Все в доме было вверх дном. Лавку, сундук с приданым тетушки Катинки, стулья и прочую дребедень Костаке вынес в сени, чтобы не попала известь во время побелки. Из-за этого кавардака все спали на печи. Мальчики в глубине, родители — с краю. В комнатах влажно пахло непросохшей известью.
— Не спится? — спросила мужа Катинка.
Костаке вернулся с пахоты такой усталый, что даже уснуть не мог. Допоздна они разговаривали о весеннем севе, прикидывали, распределяли делянки то под пшеницу, то под кукурузу.
— До чего же люди разные, — проговорил Костаке, — одни радуются скотине во дворе, радуются, когда приближаются праздники. А у нас… — Он глубоко, протяжно вздохнул, неподвижно глядя в потолок. — Ребятишки дьяволы… Жеребенок — чертов Сивка!.. Свинья — завалящая. Лошади клячи… Идут годы, а твои родители никак не могут меня простить. Да и тебя тоже. Хоть бы перед людьми…
— Посмотри, как мальчишки спят. Будто ягнята.
Бадя Костаке повернулся к сыновьям. На подушке лежали не головы, а ноги.

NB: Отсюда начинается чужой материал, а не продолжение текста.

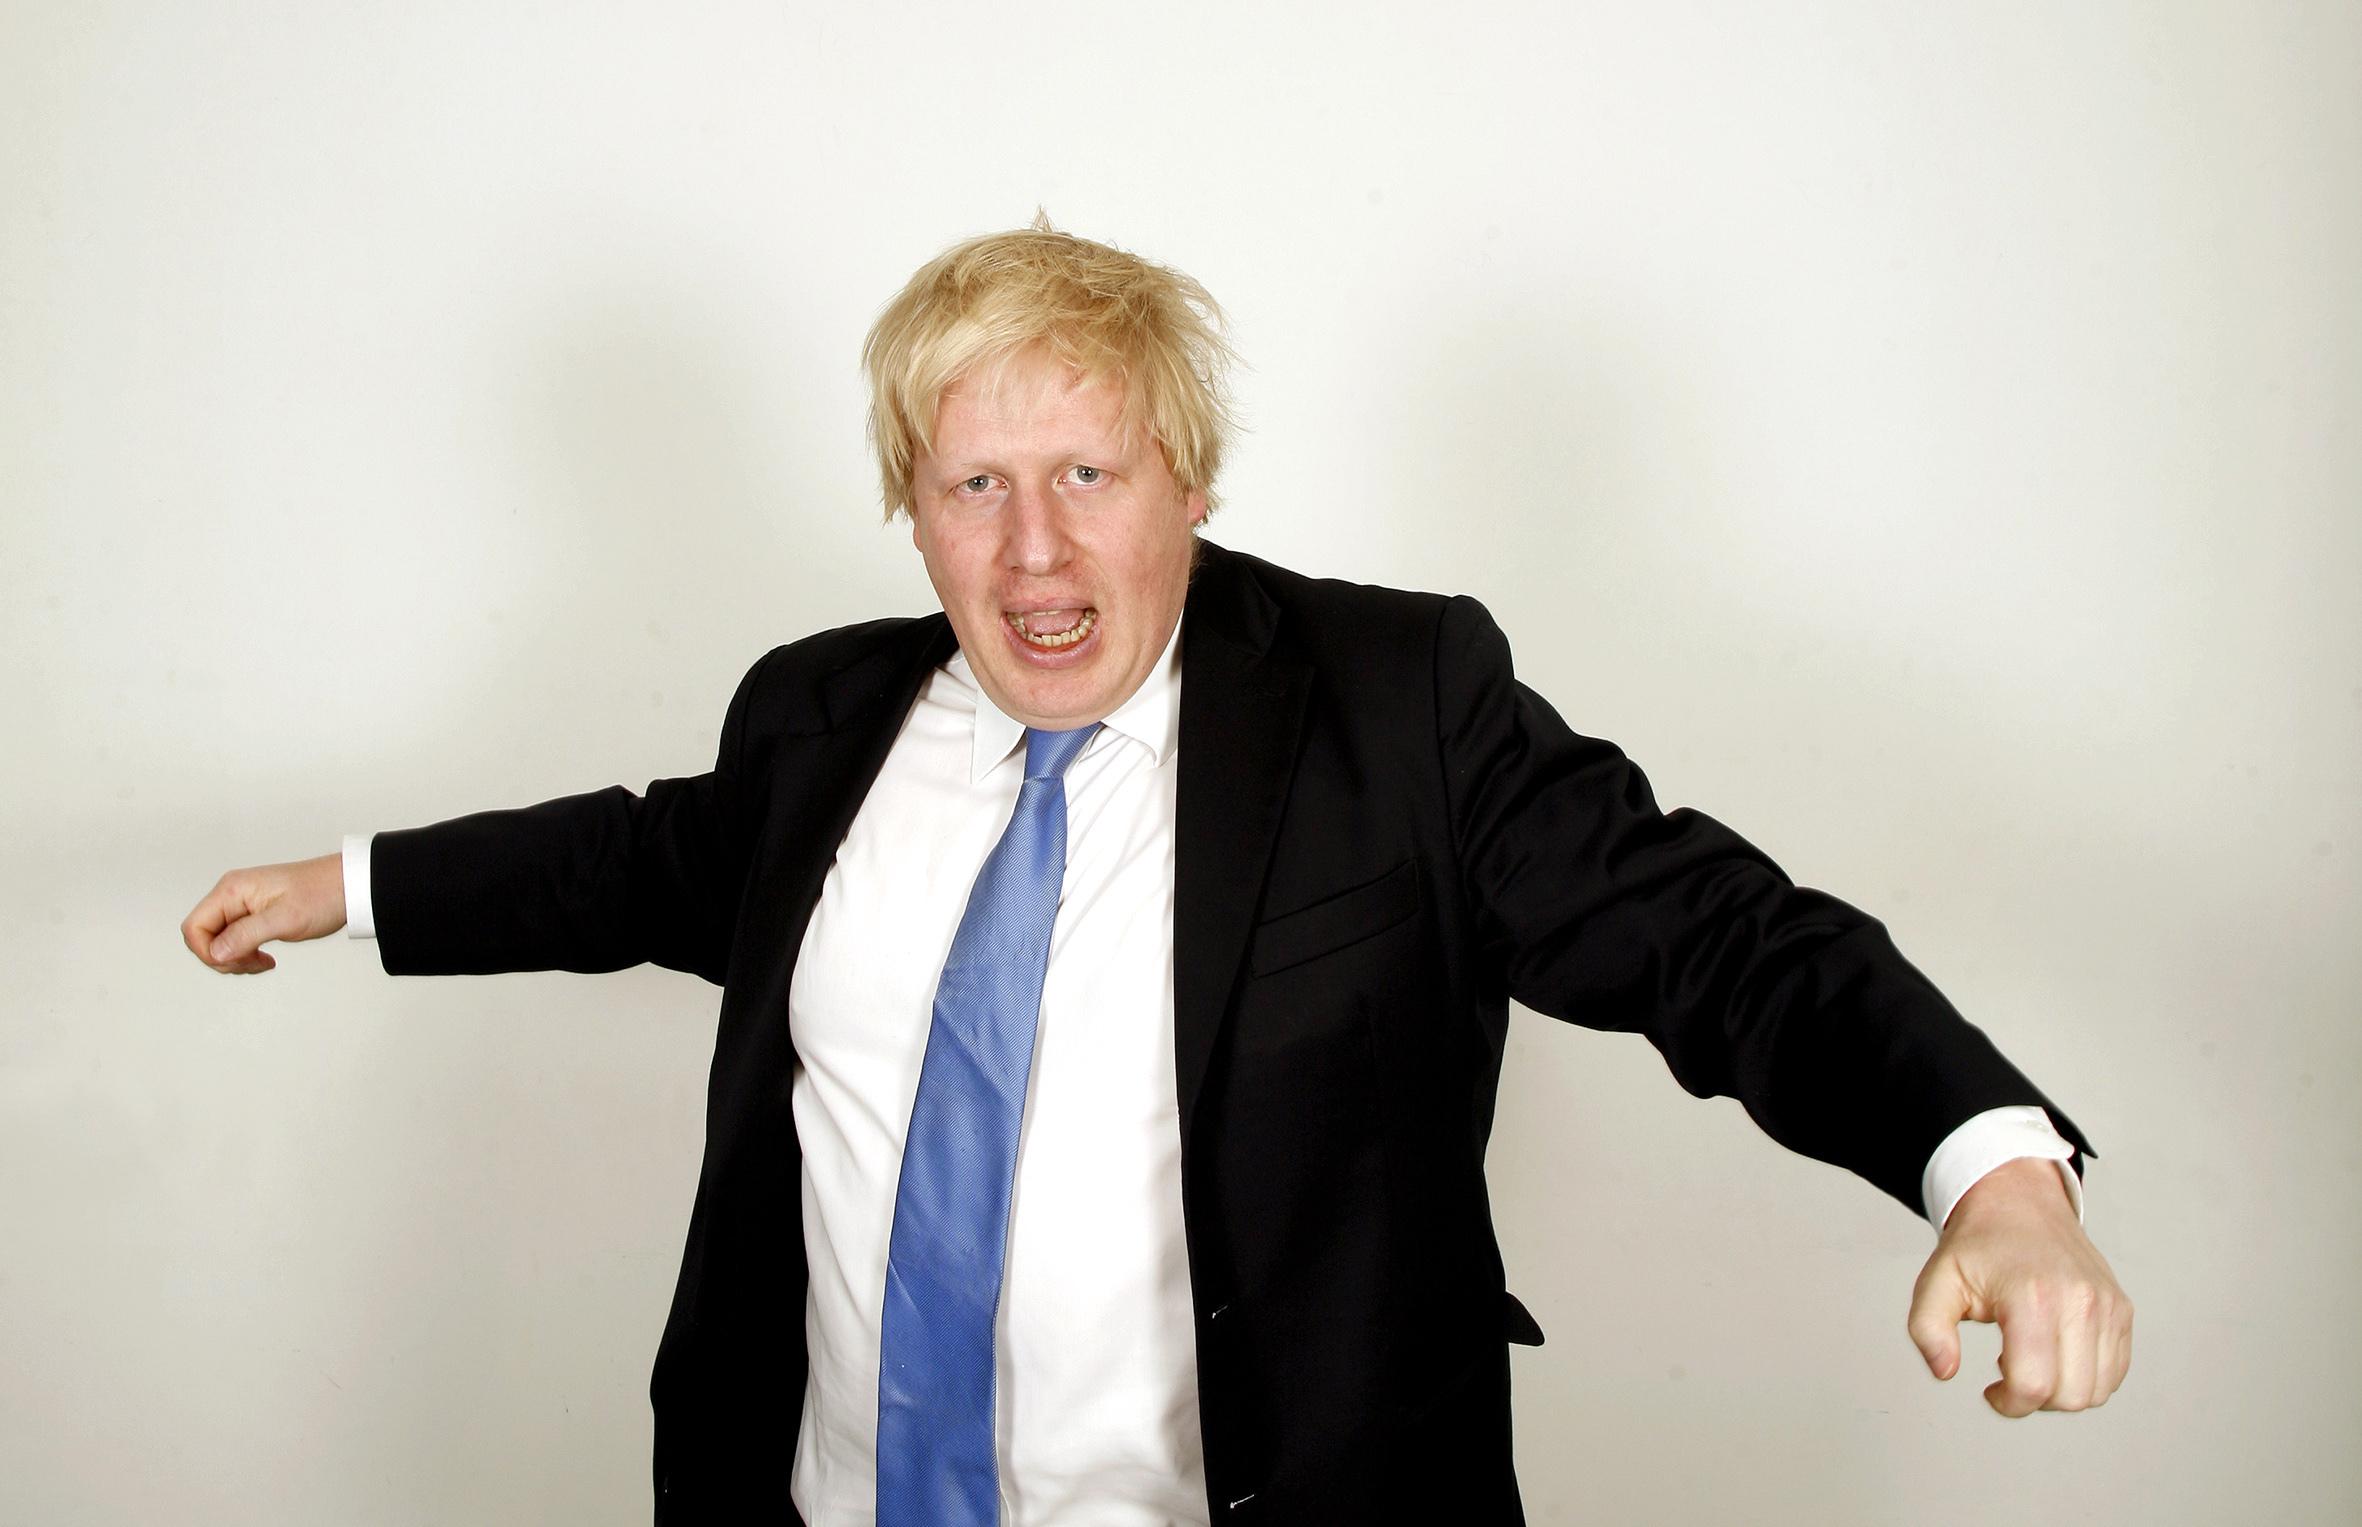 There's a 'Fck Govt Fck Boris' street festival planned tomorrow in London
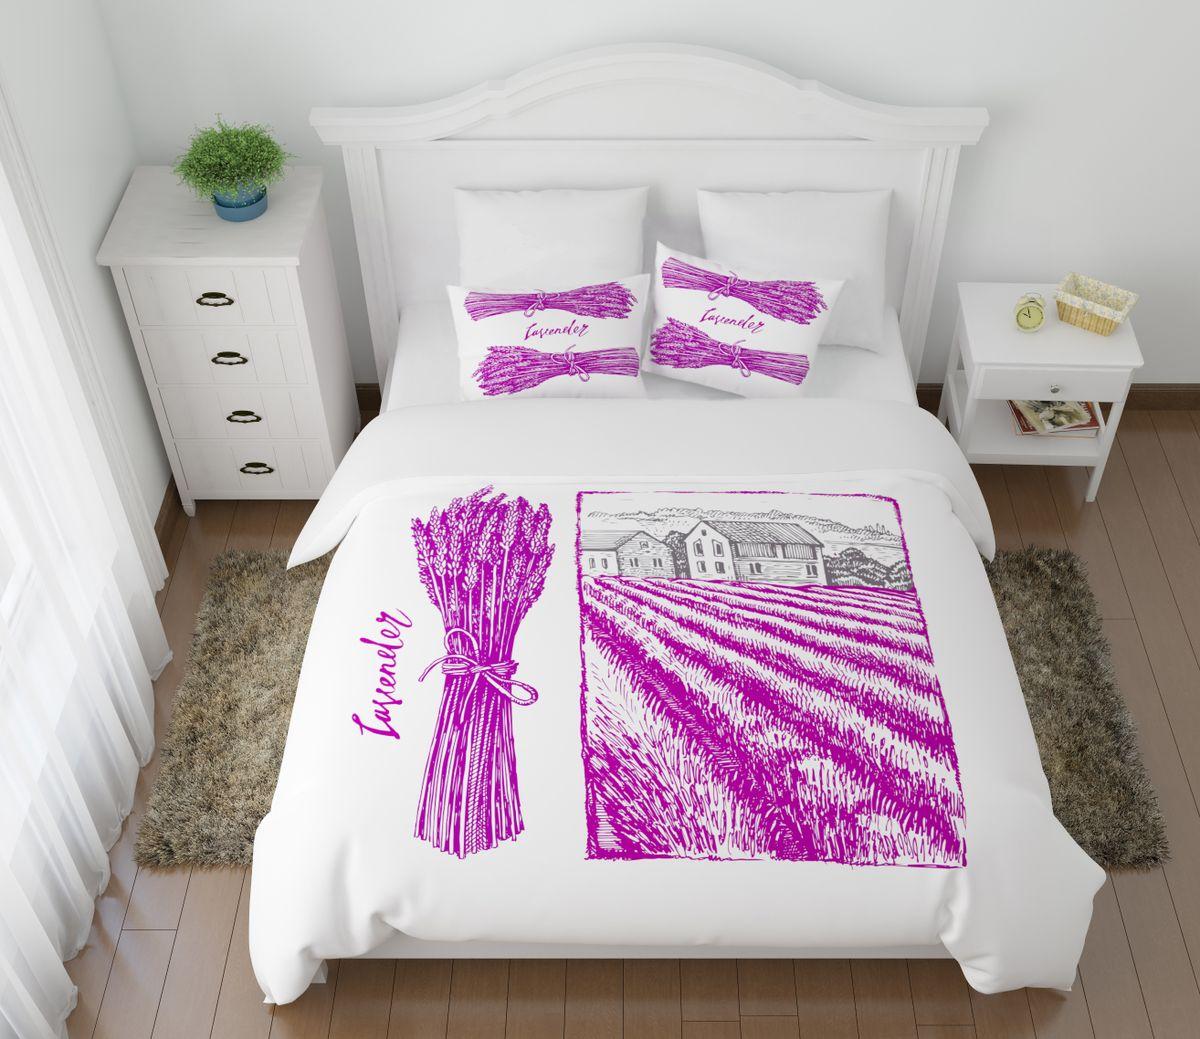 Комплект белья Сирень Лавандовый прованс, 2-спальный, наволочки 50х70SVC-300Комплект постельного белья Сирень выполнен из прочной и мягкой ткани. Четкий и стильный рисунок в сочетании с насыщенными красками делают комплект постельного белья неповторимой изюминкой любого интерьера.Постельное белье идеально подойдет для подарка. Идеальное соотношение смешенной ткани и гипоаллергенных красок - это гарантия здорового, спокойного сна. Ткань хорошо впитывает влагу, надолго сохраняет яркость красок.В комплект входят: простынь, пододеяльник, две наволочки. Постельное белье легко стирать при 30-40°С, гладить при 150°С, не отбеливать. Рекомендуется перед первым использованием постирать.УВАЖАЕМЫЕ КЛИЕНТЫ! Обращаем ваше внимание, что цвет простыни, пододеяльника, наволочки в комплектации может немного отличаться от представленного на фото.

— Уморились. В лес ходили с дедом.
— Да, Катинка, и они измаялись.
— Целый день морочили голову, все какую-то сказку про змею, про драгоценный камень… Тебя ждали, что-то спросить хотели…
— Должно быть, старик им рассказывал. Ладно, давай спать. Дед хоть и крутого нрава, а сердце у него доброе… Разве я не знаю…
— Да…
— Никак не могу уснуть. Из-за твоей побелки. Пока просохнет, такой едкий запах, что в носу щиплет. Не то мышами пахнет, не то засухой. Нищетой… И до чего ни дотронешься — везде известь. И на ложках, и на мисках, даже на хлебе…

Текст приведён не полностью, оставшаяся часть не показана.